I am not sure if json should serialise more exotic objects (e.g. ndarray) by default.

I appreciate the convenience if that was so, but given very simple spec of json, this functionality is (and IMO should be) extra. And it is natural that “extra” needs a bit of extra effort.

None of json libraries come with set of registries by default. E.g. orjson does not ship with option=SERIALISE_NUMPY.

Even if registry mechanism was implemented, I don’t think libraries should register their objects by default. Even if they do supply to_json method, it would most likely be up to the user whether to bind it to json via registry or not.

I think an option could be to have a name for standard method (__json__ looks fine). But it will be up to the user whether to enable it. E.g.:

json.dumps(a, default=json.defaultmethods('__json__'))

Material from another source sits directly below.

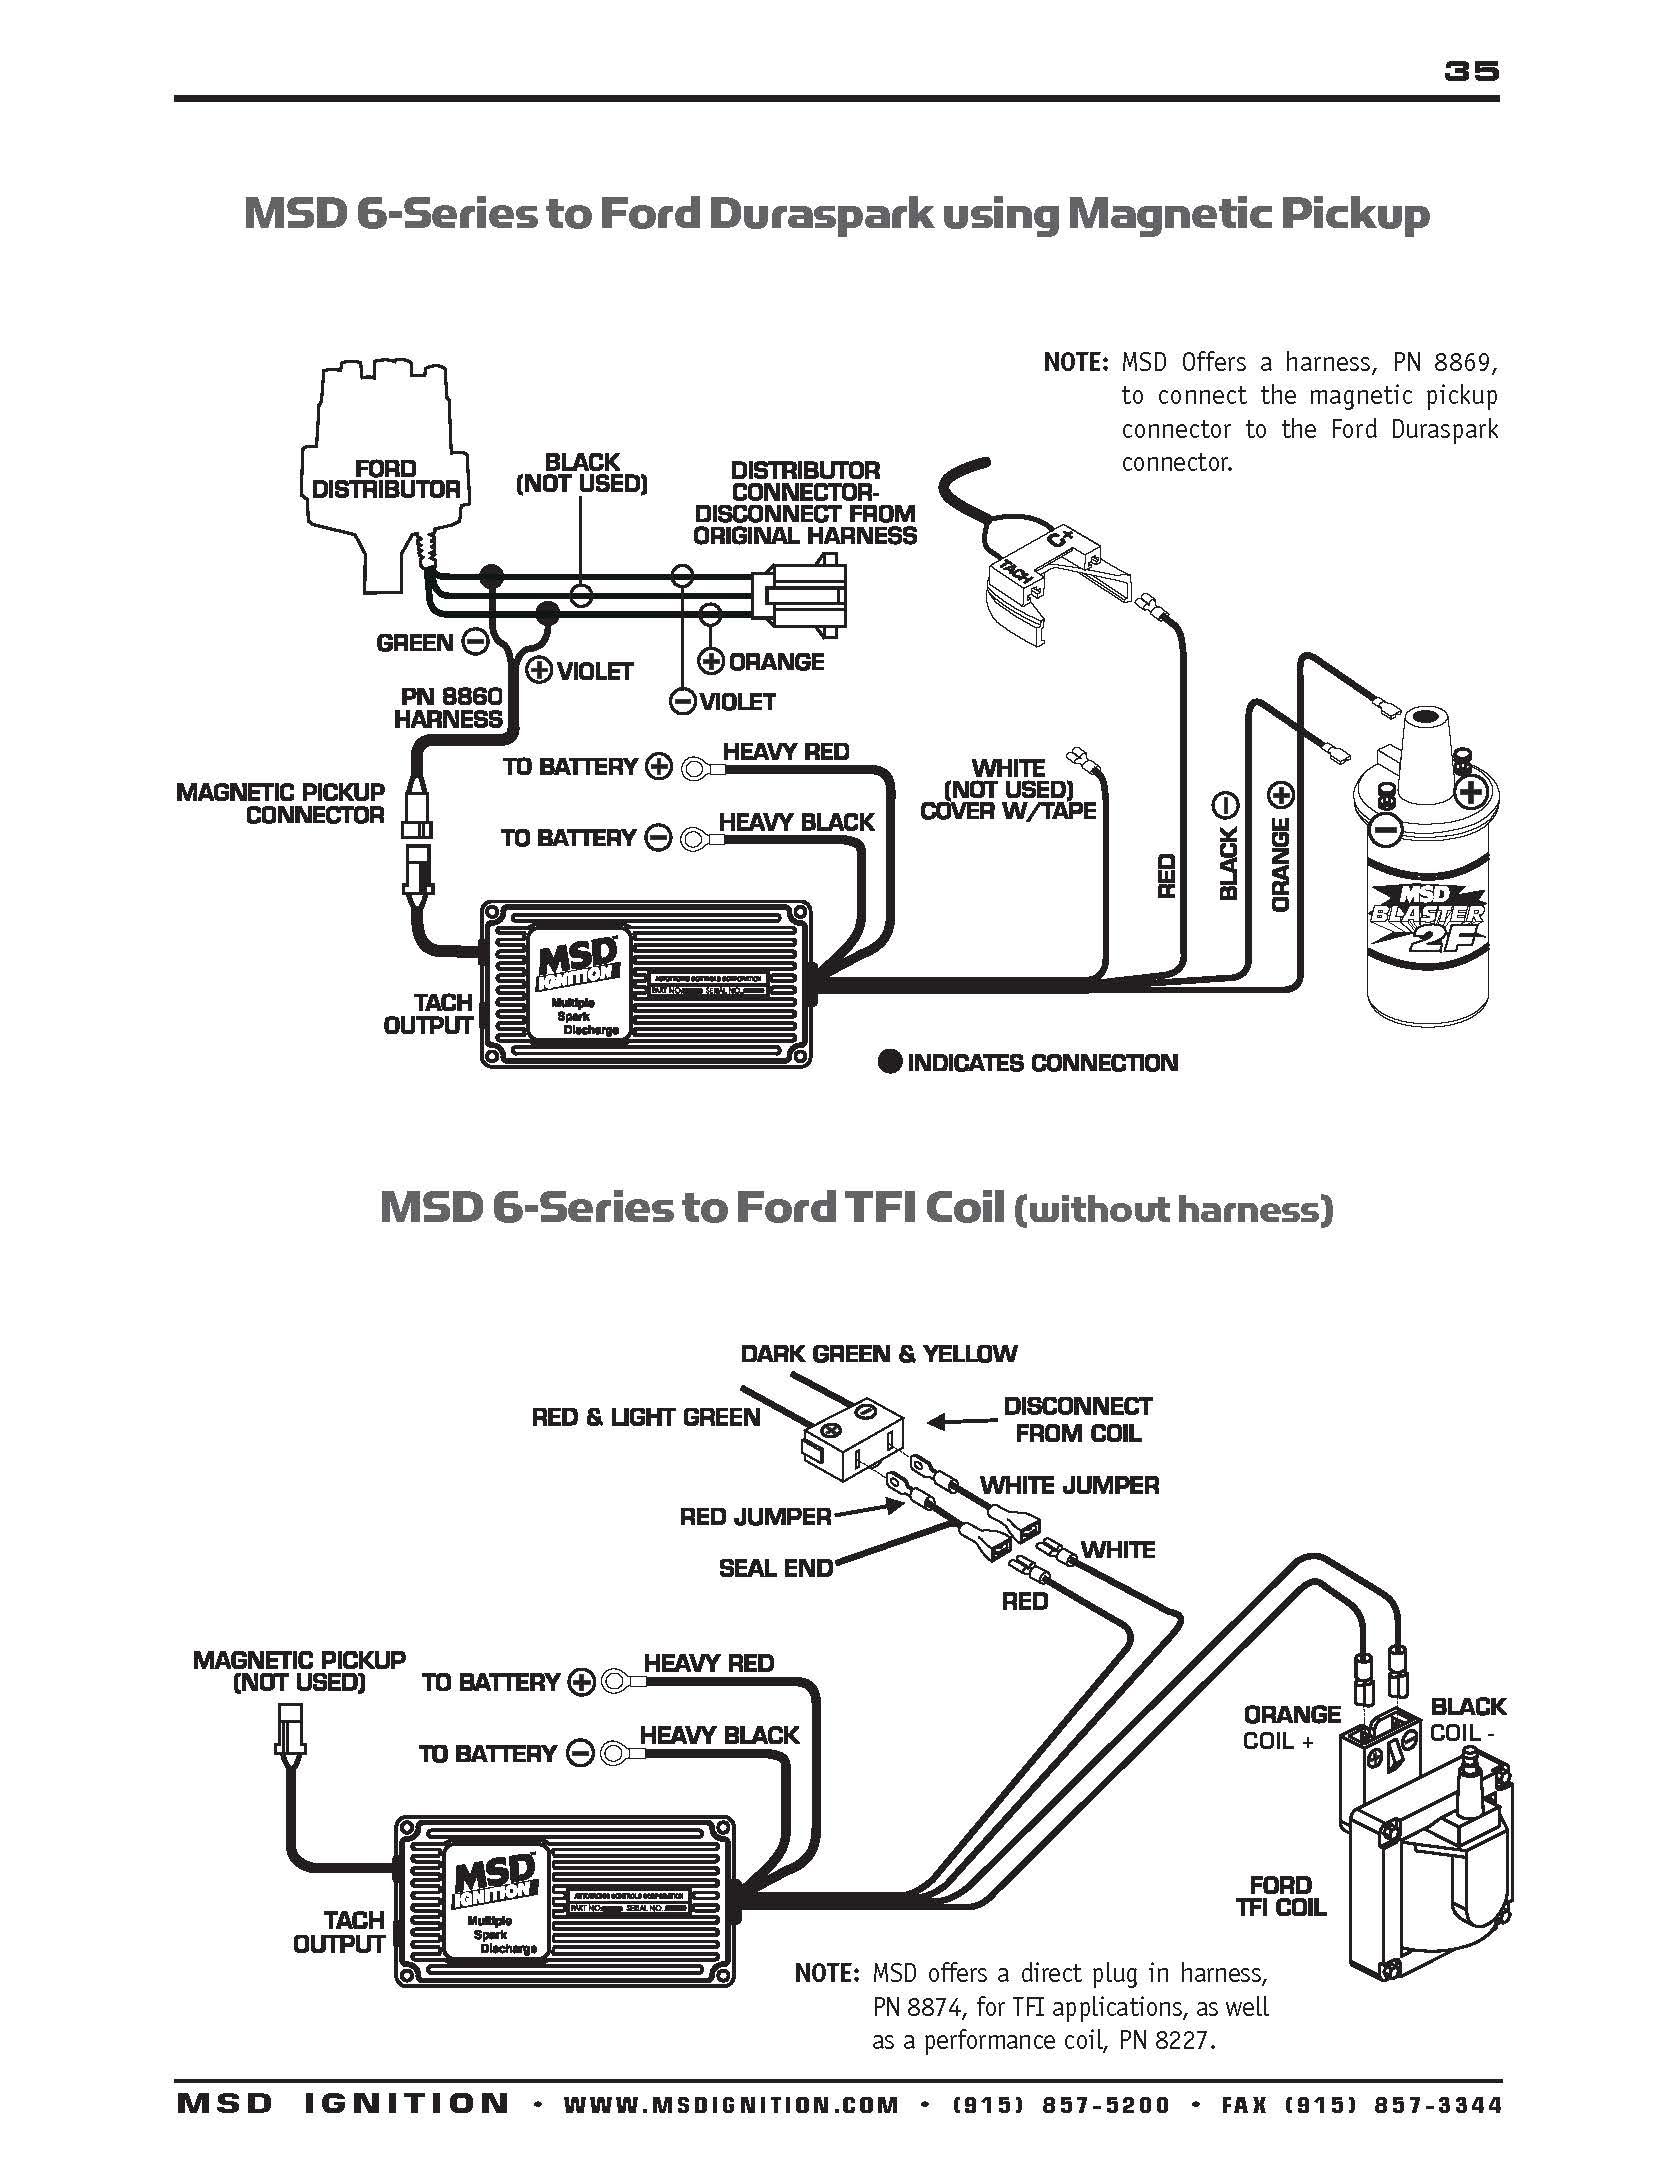 Ford Duraspark Wiring Diagram : duraspark, wiring, diagram, Duraspark, Ignition, Wiring, Diagram, Girl-owner, Girl-owner.faishoppingconsvitol.it

where some convenience function in json can be implemented for this:

class defaultmethods:
    def __init__(*names):
        self.names = names
    def __call__(self, obj):
        for name in self.names:
            if hasattr(obj, name):
                return geattr(obj, name)()
        raise TypeError

This way, if user needs json serialiser with this in his work, then he can make it available conveniently:

json_full_dumps = partial(json.dumps, default=json.defaultmethods('__json__'))

That’s difficult, np.ndarray doesn’t follow the Sequence protocol (missing count() and index()), making it impossible to determine what it is from method presence alone.

Also, isinstance() with an ABC is slow.

Haven´t considered additional implications but indeed looks an elegant way to extend the JSONEncoder.